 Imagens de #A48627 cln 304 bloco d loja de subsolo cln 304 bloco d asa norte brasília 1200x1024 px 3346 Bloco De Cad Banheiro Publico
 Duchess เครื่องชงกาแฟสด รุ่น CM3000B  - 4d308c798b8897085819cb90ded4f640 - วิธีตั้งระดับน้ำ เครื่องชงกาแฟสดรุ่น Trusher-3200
...
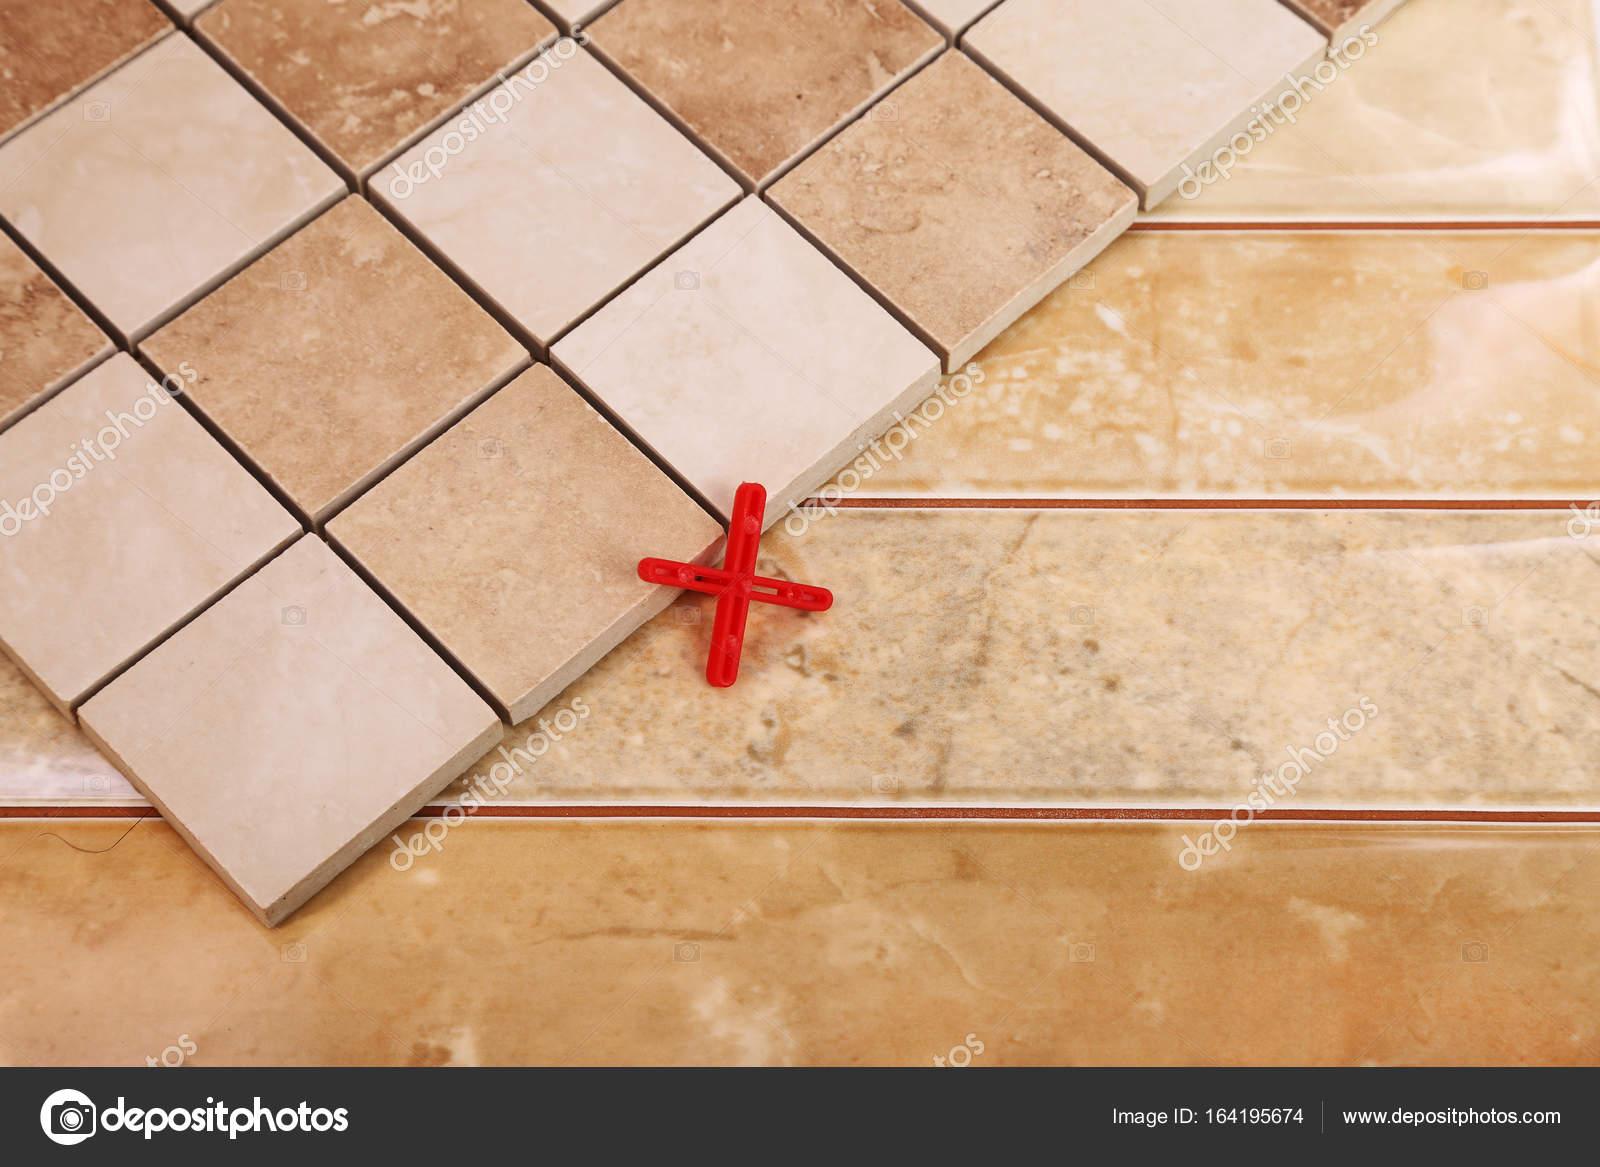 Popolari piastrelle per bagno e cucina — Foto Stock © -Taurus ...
* * *
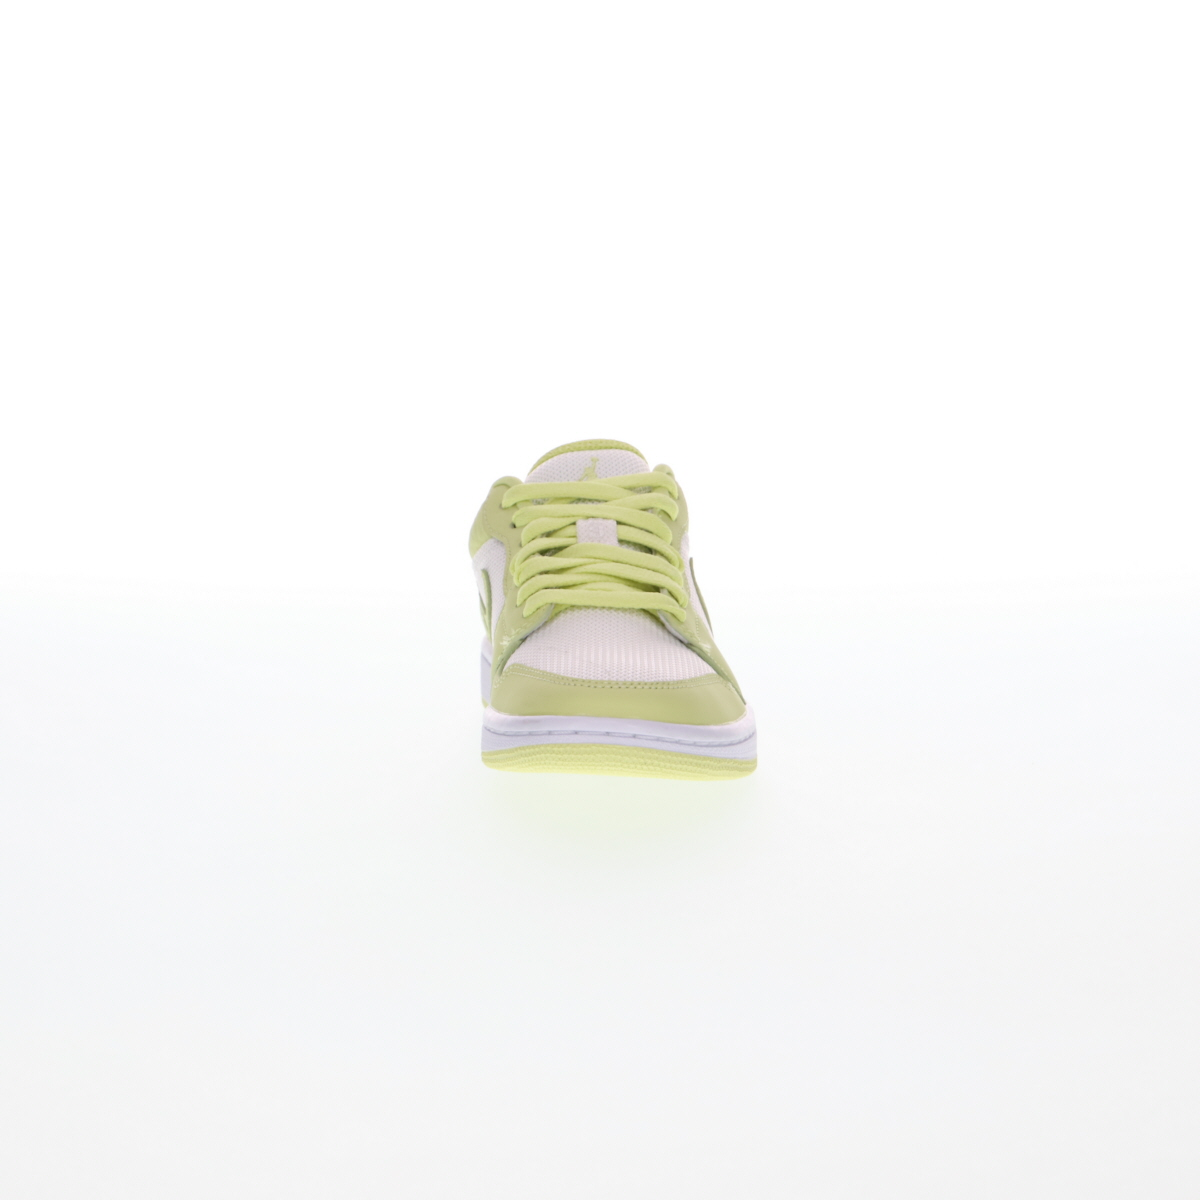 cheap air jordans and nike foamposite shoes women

What you will do: Repeat exactly the lines of the listing above, from the one with "Imagens de #A48627" down to the one with "Duchess เครื่องชงกาแฟสด รุ่น"; both of those lines belong in the range.

Response:
 Imagens de #A48627 cln 304 bloco d loja de subsolo cln 304 bloco d asa norte brasília 1200x1024 px 3346 Bloco De Cad Banheiro Publico
 Duchess เครื่องชงกาแฟสด รุ่น CM3000B  - 4d308c798b8897085819cb90ded4f640 - วิธีตั้งระดับน้ำ เครื่องชงกาแฟสดรุ่น Trusher-3200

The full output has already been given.